In that case, callbacks are easier to use.
A callback $resolve
can be acquired using Await::promise
.
function a(Closure $callback): void {
// The other function that uses callbacks.
// Let's assume this function will call $callback("foo") some time later.
}
function main(): Generator {
return yield from Await::promise(fn($resolve) => a($resolve));
}
Some callback-style async functions may accept another callback for exception handling. This callback can be acquired by taking a second parameter $reject
.
function a(Closure $callback, Closure $onError): void {
// The other function that uses callbacks.
// Let's assume this function will call $callback("foo") some time later.
}
function main(): Generator {
return yield from Await::promise(fn($resolve, $reject) => a($resolve, $reject));
}
Example
Let's say we want to make a function that sleeps for 20 server ticks, or throws an exception if the task is cancelled:
use pocketmine\scheduler\Task;
public function sleep(): Generator {
yield from Await::promise(function($resolve, $reject) {
$task = new class($resolve, $reject) extends Task {
private $resolve;
private $reject;
public function __construct($resolve, $reject) {
$this->resolve = $resolve;
$this->reject = $reject;
}
public function onRun(int $tick) {
($this->resolve)();
}
public function onCancel() {
($this->reject)(new \Exception("Task cancelled"));
}
};
$this->getServer()->getScheduler()->scheduleDelayedTask($task, 20);
});
}
This is a bit complex indeed, but it gets handy once we have this function defined! Let's see what we can do with a countdown:
function countdown($player) {
for($i = 10; $i > 0; $i--) {
$player->sendMessage("$i seconds left");
yield from $this->sleep();
}
$player->sendMessage("Time's up!");
}
This is much simpler than using ClosureTask
in a loop!
Exposing a generator to normal API
Recall that generator functions do not do anything when they get called.
Eventually, we have to call the generator function from a non-await-generator context.
We can use the Await::g2c
function for this:
private function generateFunction(): Generator {
// some async logic
}
Await::g2c($this->generatorFunction());
Sometimes we want to write the generator function as a closure and pass it directly:
Await::f2c(function(): Generator {
// some async logic
});
You can also use Await::g2c
/Await::f2c
to schedule a separate async function in the background.
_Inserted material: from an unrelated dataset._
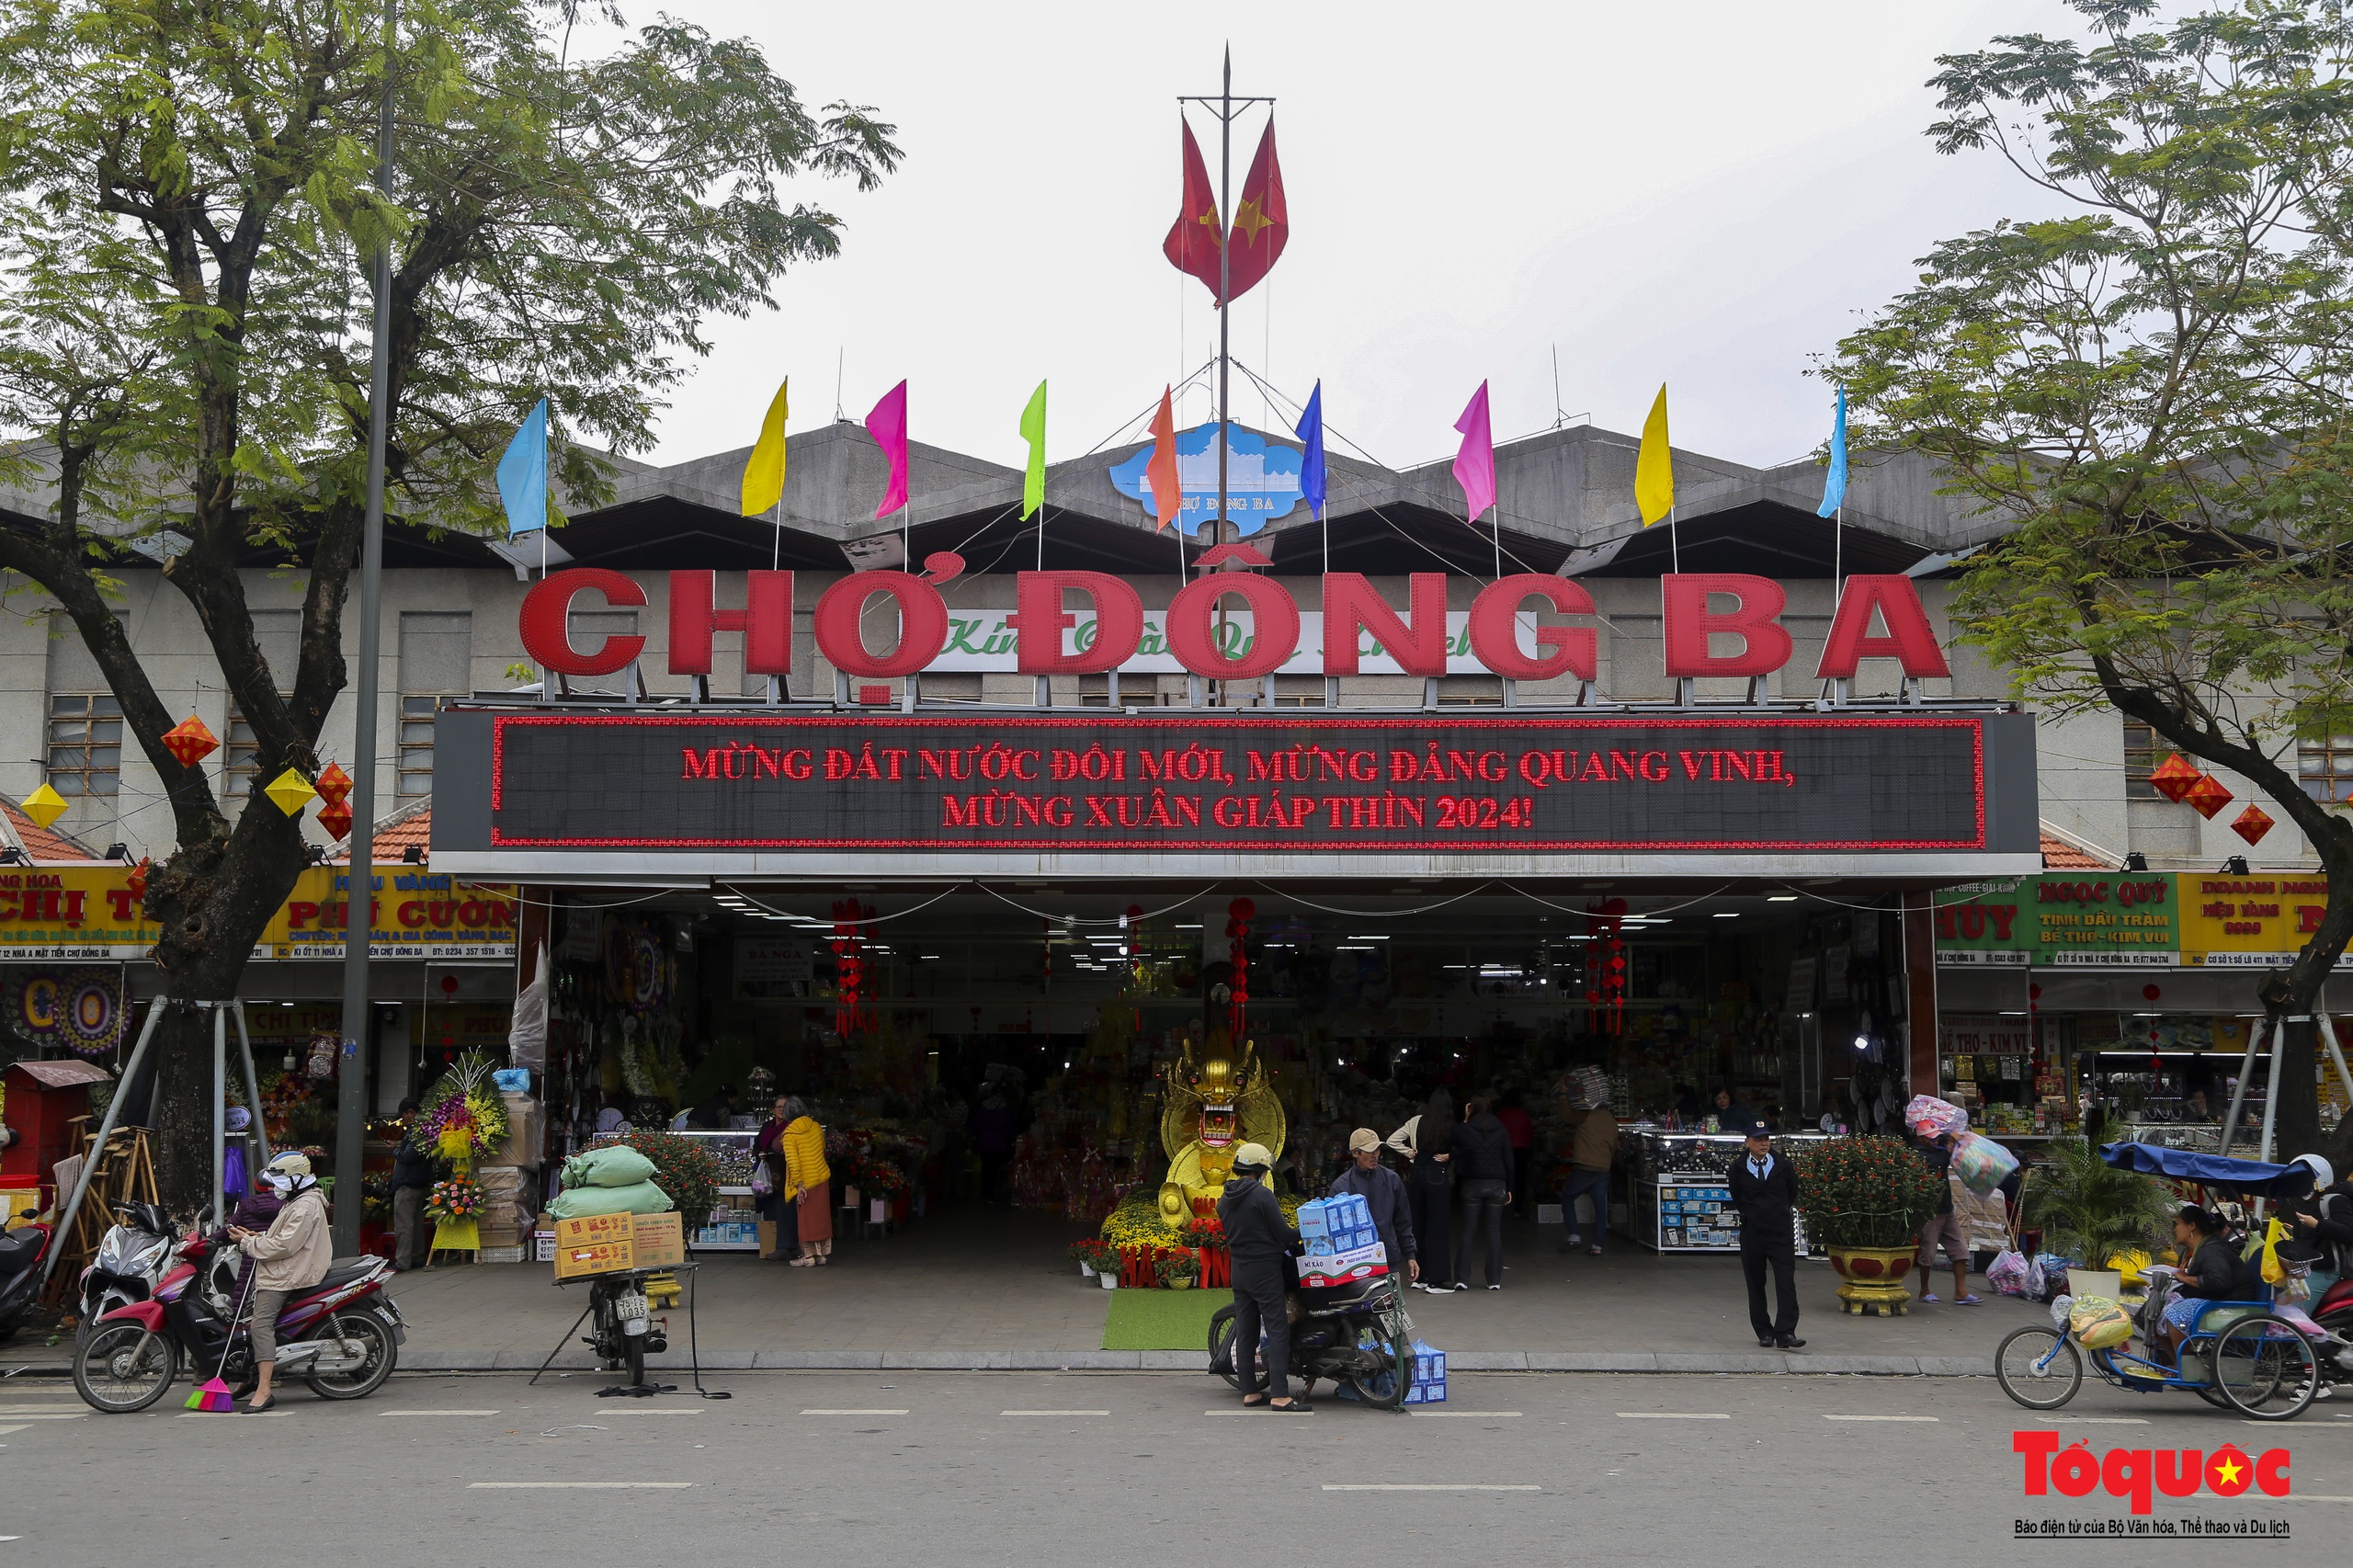 Hàng hóa Tết đa dạng, sức mua tại ngôi chợ nổi tiếng bậc nhất xứ Huế vẫn chưa cao - Ảnh 1.

Running generators concurrently
In addition to calling multiple generators sequentially,
you can also use Await::all()
or Await::race()
to run multiple generators.
If you have a JavaScript background, you can think of Generator
objects as promises
and Await::all()
and Await::race()
are just Promise.all()
and Promise.race()
.
Await::all()
Await::all()
allows you to run an array of generators at the same time.
If you yield Await::all($array)
, your function resumes when
all generators in $array
have finished executing.
function loadData(string $name): Generator {
// some async logic
return strlen($name);
}
$array = [
"SOFe" => $this->loadData("SOFe"), // don't yield it yet!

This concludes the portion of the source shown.